Importance of annotations

AI systems are statistical machines. Many instances have been trained; They learn patterns in these examples to make predictions such as “probably concerned” before the “who” of an email.

Comments Text that usually labels the meaning or components of the data that these systems enter is a key part of these examples. They are objects, It “teaches” as a model to distinguish between places and ideas.

Consider a photo-classification model that shows a large number of pictures of kitchens labeled with the word “kitchen”. During training, The model will start the relationship between “kitchen” and general. Symptoms Kitchen appliances (eg refrigerators and counters). After training, given a photo of a kitchen that wasn't included in the initial samples, the model was able to identify it as such. (Of course, if the kitchen pictures were labeled “cows,” they would be assigned to cows, with an emphasis on noteworthy importance.)

The appetite for AI and the need to provide labeled data for its development has driven the market for commenting services. Dimension Market Research Estimates It is worth $838.2 million today and will be worth $10.34 billion in the next 10 years. Although there is no accurate estimate of how many people are involved in the labeling industry, 2022, Paper Mark the number in “millions”.

Companies large and small rely on workers employed by data annotation companies to create labels for AI training sets. Some of these jobs pay decently, especially if labeling requires specialized knowledge (eg math skills). Others may corrupt. Illustrators in developing countries On average, they only pay a few dollars an hour.without benefit or guarantee;

It also has drying data.

So there are humanitarian reasons to look for alternatives to man-made labels. Uber, for example, is expanding its fleet. Huge workers to work on AI annotation and data labeling. But there are also practicalities.

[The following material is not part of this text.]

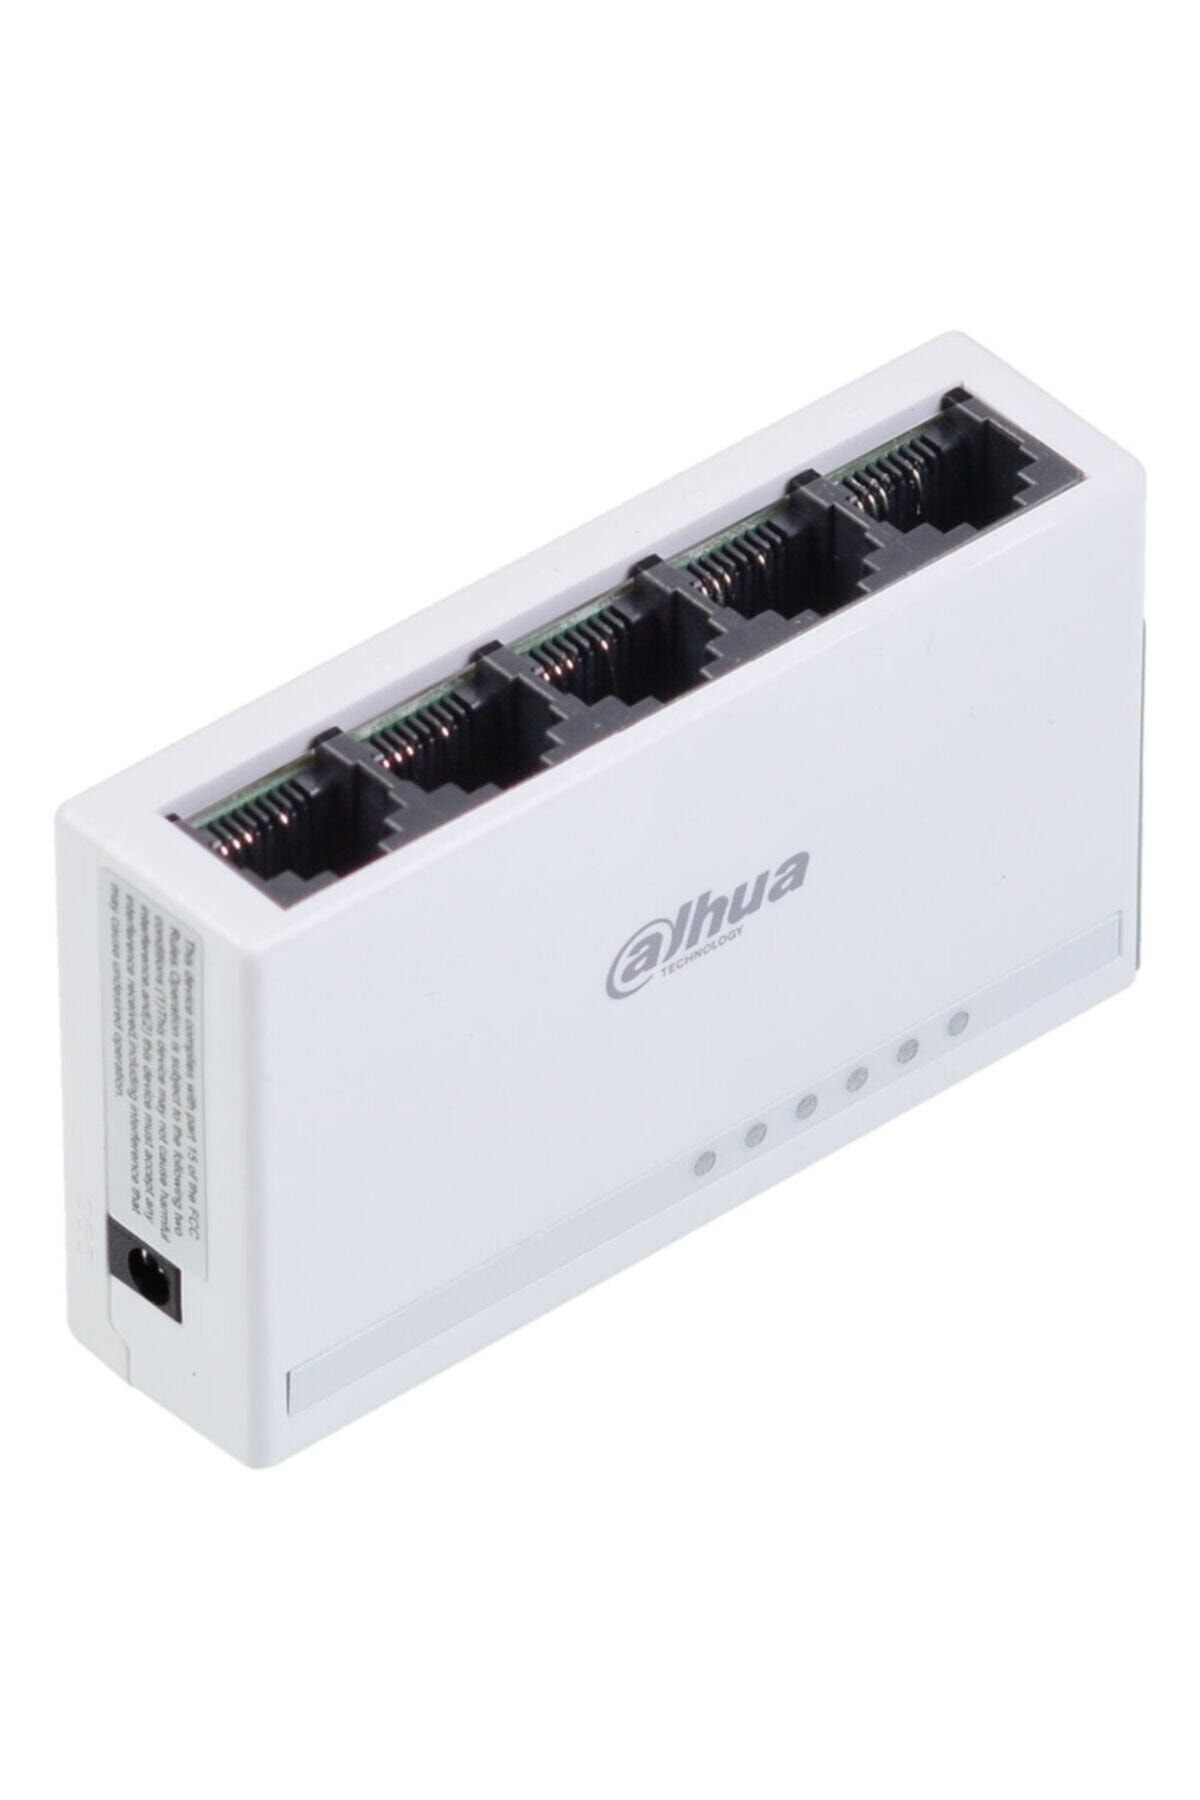 Dahua 5-port Desktop Fast Ethernet Switch (internet Kablo Çoğaltıcı) Dh-pfs-3005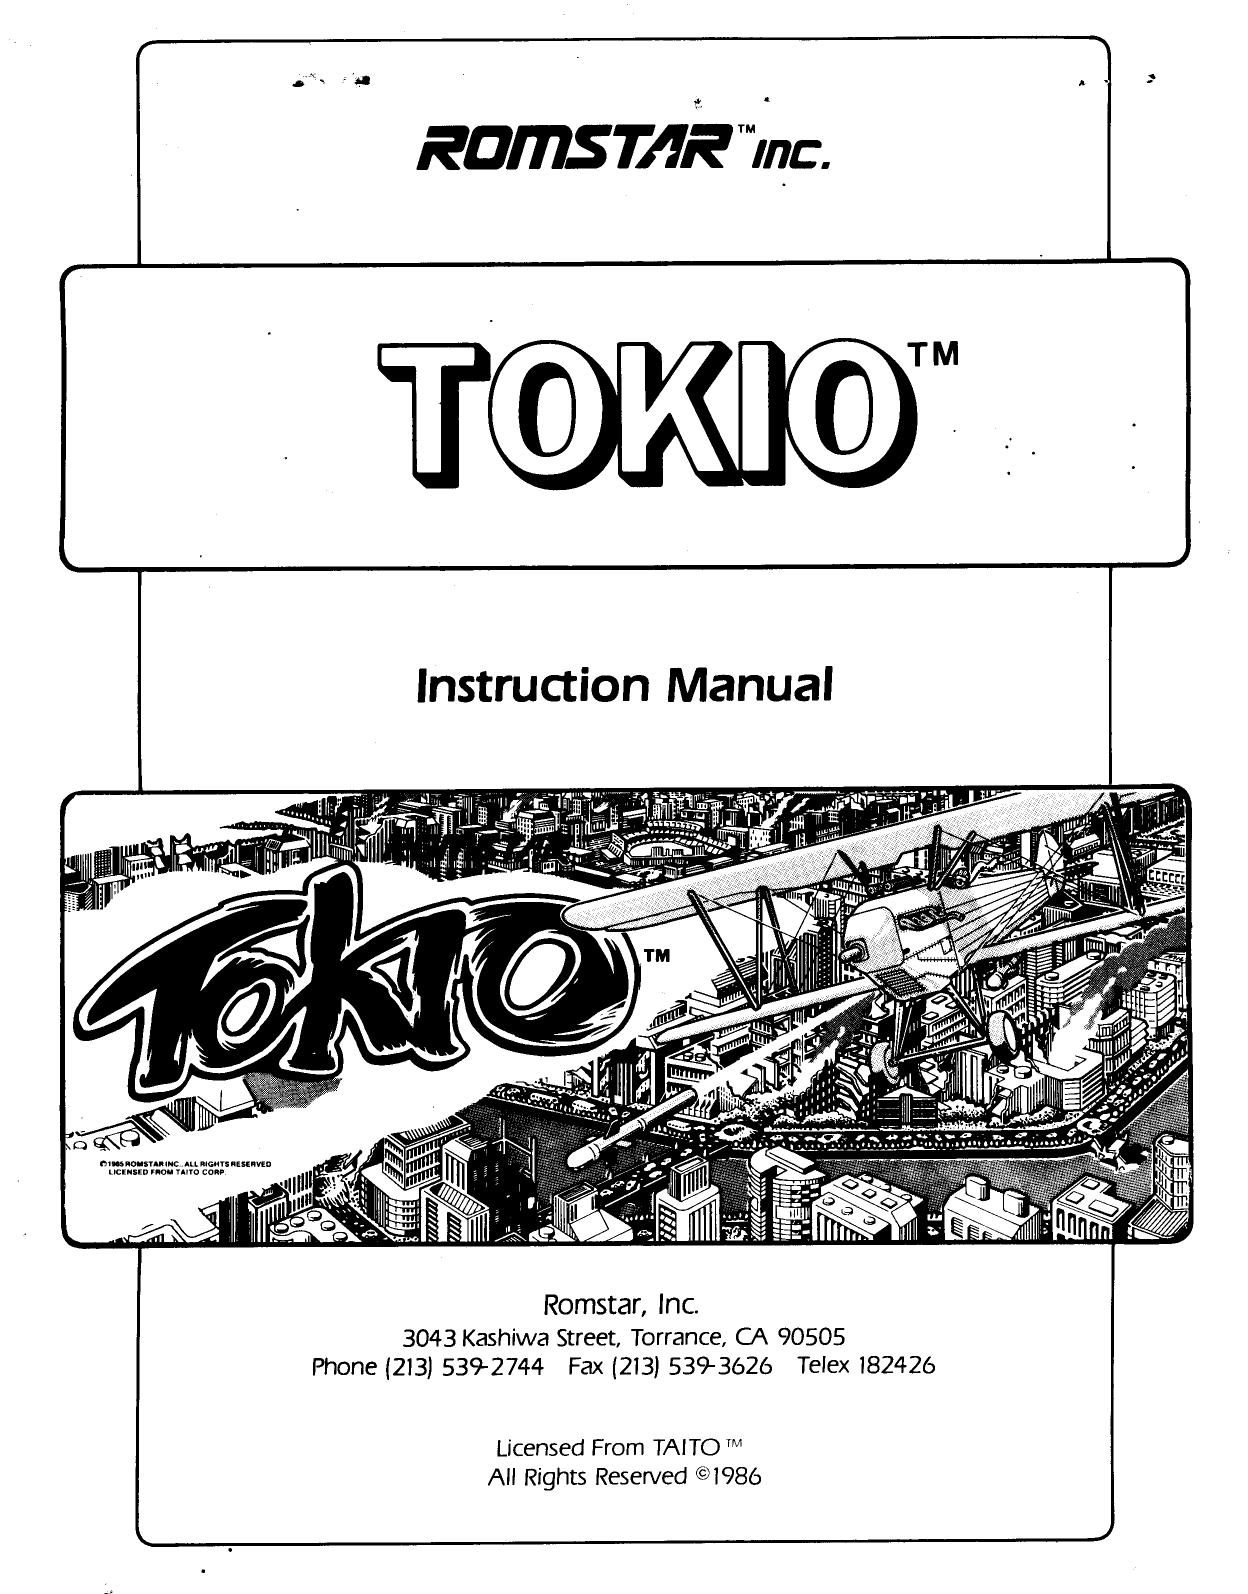 Tokio (Instructions) (U)

Humans can label very quickly. There are also writers. Bias This makes their comments stand out. Any model they are trained on later. Performs simulations. Mistakesor get tripped. Labeling with instructions. And paying humans to do things is expensive.

District in general expensive For that matter. Shutterstock is charging AI vendors tens of millions of dollars to access it. ArchivesWhile on Reddit there is. Google Hundreds of millions were made from licensing data to OpenAI and others.

Finally, getting data is getting harder.

Most models are trained on large sets of public data — data whose owners are choosing to open their doors for fear of what might happen to their data. It has been stolen.Or they won't receive credit or attribution for it. Over 35% of the world's top 1,000 websites Now block OpenAI's web scraper.. About 25% of the data from “high-quality” sources is restricted from the primary datasets used to train the models; Study. found.

If the current entry-blocking trend continues, research group Epoch AI said. projects Developers will run out of data to train Generative AI models between 2026 and 2032. Copyright Litigation versus Objectionable material The influx of open datasets has also driven attribution for AI vendors.

Synthetic alternatives

At first glance, Composite data seems to be the solution to all these problems. Need annotations? Produce them. No more sample data issues. The sky is the limit.

to some extent This is true.

“If data is the new oil.” “Synthetic data emerges as creative biomass without the negative externalities of the real thing,” Os Keyes, a PhD candidate at the University of Washington who studies the ethical implications of emerging technologies, told TechCrunch.

The AI ​​industry took the concept and ran with it.

This month, Writer, a next-generation AI company focused on business, trained the model Palmyra X 004 almost entirely on composite data. It cost just $700,000 to develop, says the author: Compare About $4.6 million for an OpenAI model of the same size.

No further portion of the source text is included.